The loadTxt() function is contained in the File utilities_lib.js file, which is located in the Utilities directory. Notice that the data files are tab-delimited. Next, a neural network is created.
// 2. create network
console.log("\nCreating a 13-100-1 tanh, Identity NN for Boston dataset");
let seed = 0;
let nn = new NeuralNet(13, 100, 1, seed);
. . .
The normalized and encode data has 13 predictor variables. There is just one output node because the goal is to predict a single numeric value. The number of hidden is a hyperparameter that must be determined by trial and error. In general, more hidden nodes can produce a more accurate model at the expense of an increased risk of model overfitting. Next, the network is trained.
// 3. train network
let lrnRate = 0.01;
let maxEpochs = 5000;
console.log("\nStarting training with learning rate = 0.01 ");
nn.train(trainX, trainY, lrnRate, maxEpochs);
console.log("Training complete");
. . .
The learning rate and maximum number of training epochs are hyperparameters. Next, the trained mode is evaluated.
// 4. evaluate model
let trainAcc = nn.accuracy(trainX, trainY, 0.15);
let testAcc = nn.accuracy(testX, testY, 0.15);
console.log("\nAccuracy on training data = " +
trainAcc.toFixed(4).toString());
console.log("Accuracy on test data = " +
testAcc.toFixed(4).toString());
. . .
The 0.15 argument passed to the accuracy() method is how close to the predicted median house value the computed value must be in order to be considered correct. The closeness parameter will vary from problem to problem.

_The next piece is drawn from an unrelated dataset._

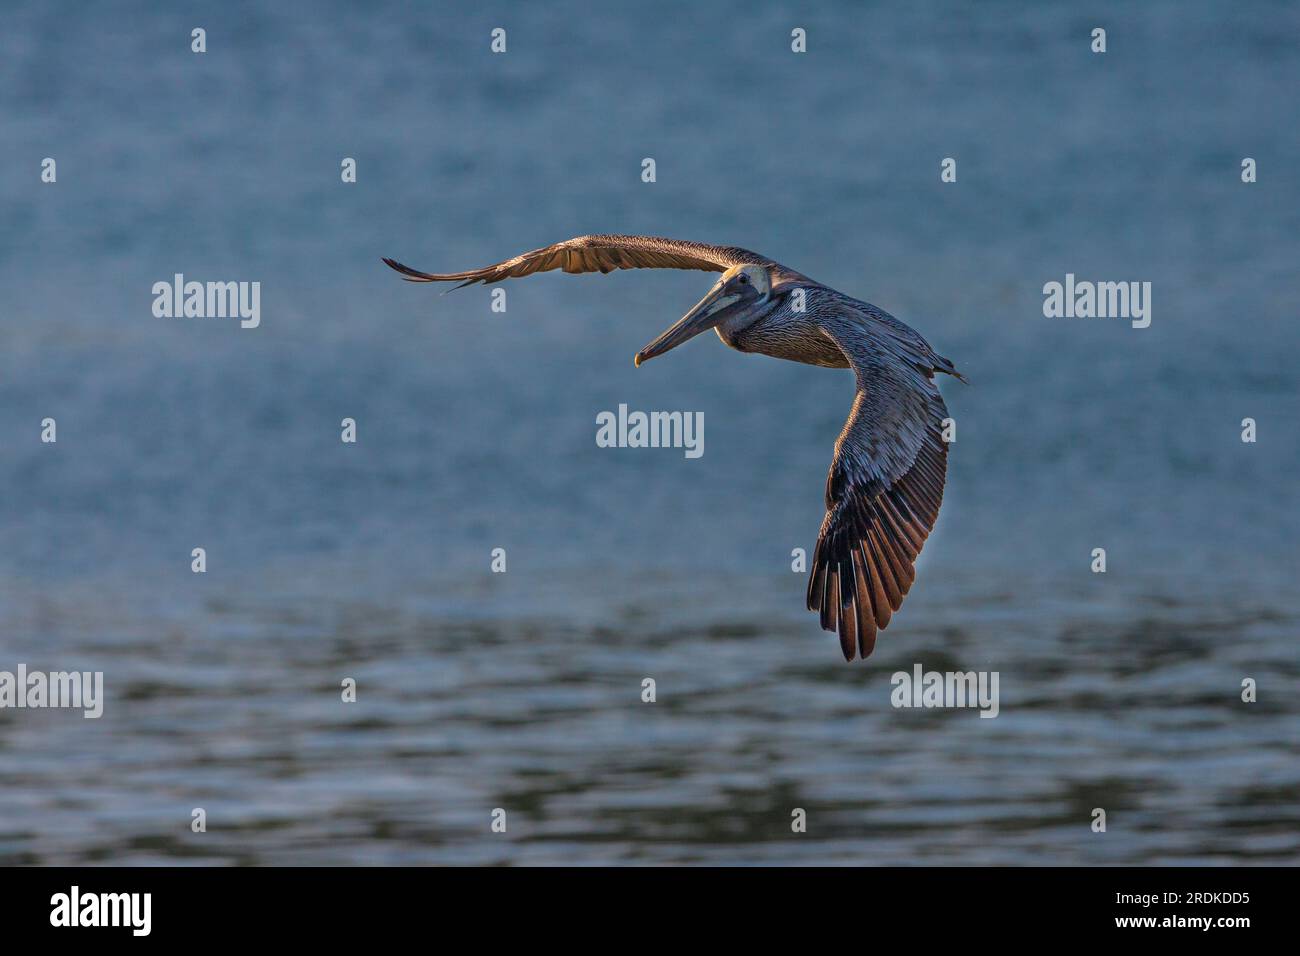 A brown pelican, Pelecanus occidentalis, in flight at the coast of Coiba Island, Pacific coast, Veraguas province, Republic of Panama, Central America Stock Photo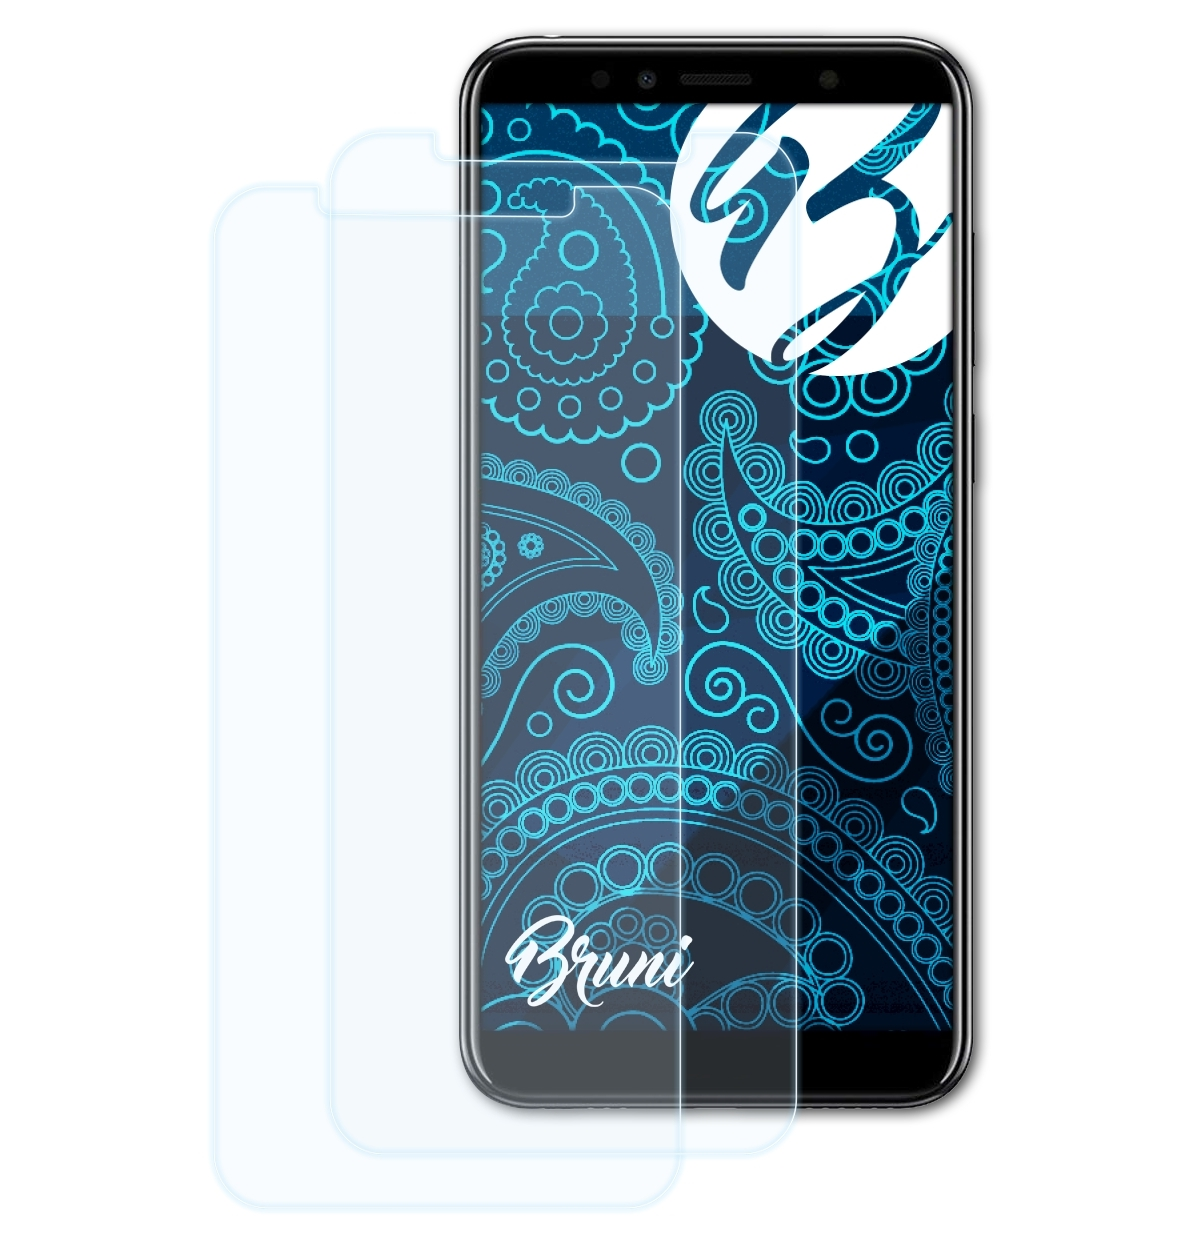 BRUNI 2x Basics-Clear Schutzfolie(für Honor 7A) Huawei

Next, the trained model's weights and biases are saved to a text file.
// 5. save model
let fn = ".\\Models\\boston_wts.txt";
console.log("\nSaving model weights and biases to: ");
console.log(fn);
nn.saveWeights(fn);
. . .
The demo program concludes by making a prediction for a new, previously unseen hypothetical town near Boston.
// 6. use trained model
let unknownRaw = [0.04819, 80, 3.64, 0, 0.392, 6.108, 32, 9.2203, 1, 315,
16.4, 392.89, 6.57];
let unknownNorm = [0.000471, 0.800000, 0.116569, -1, 0.014403, 0.488025,
0.299691, 0.735726, 0.000000, 0.244275, 0.404255, 0.989889, 0.133554];
let predicted = nn.eval(unknownNorm);
console.log("\nRaw features of town to predict: ");
U.vecShow(unknownRaw, 4, 7);
console.log("\nNormalized features of town to predict: ");
U.vecShow(unknownNorm, 4, 7);
console.log("\nPredicted median house price of town: ");
U.vecShow(predicted, 6, 1);
let predPrice = predicted[0] * 10000;
console.log("( $" + predPrice.toFixed(2).toString() + " )" );
The demo program normalizes and encodes the new town item offline. An alternative that is useful when making many predictions is to write a problem-specific function to normalize and encode. For example, using such a function might look like the following.
let unknownRaw = [0.04819, 80, 3.64, 0, 0.392, (etc.)];
let unkNorm = normAndEncode(unknownRaw);
let predicted = nn.eval(unkNorm);
Note that a program-defined function to normalize and encode raw data needs to know the normalization parameters, such as min and max, if min-max normalization is used.
Because the predicted output value is a house price divided by 10,000, the demo program wraps up by displaying the predicted price in a slightly more friendly format.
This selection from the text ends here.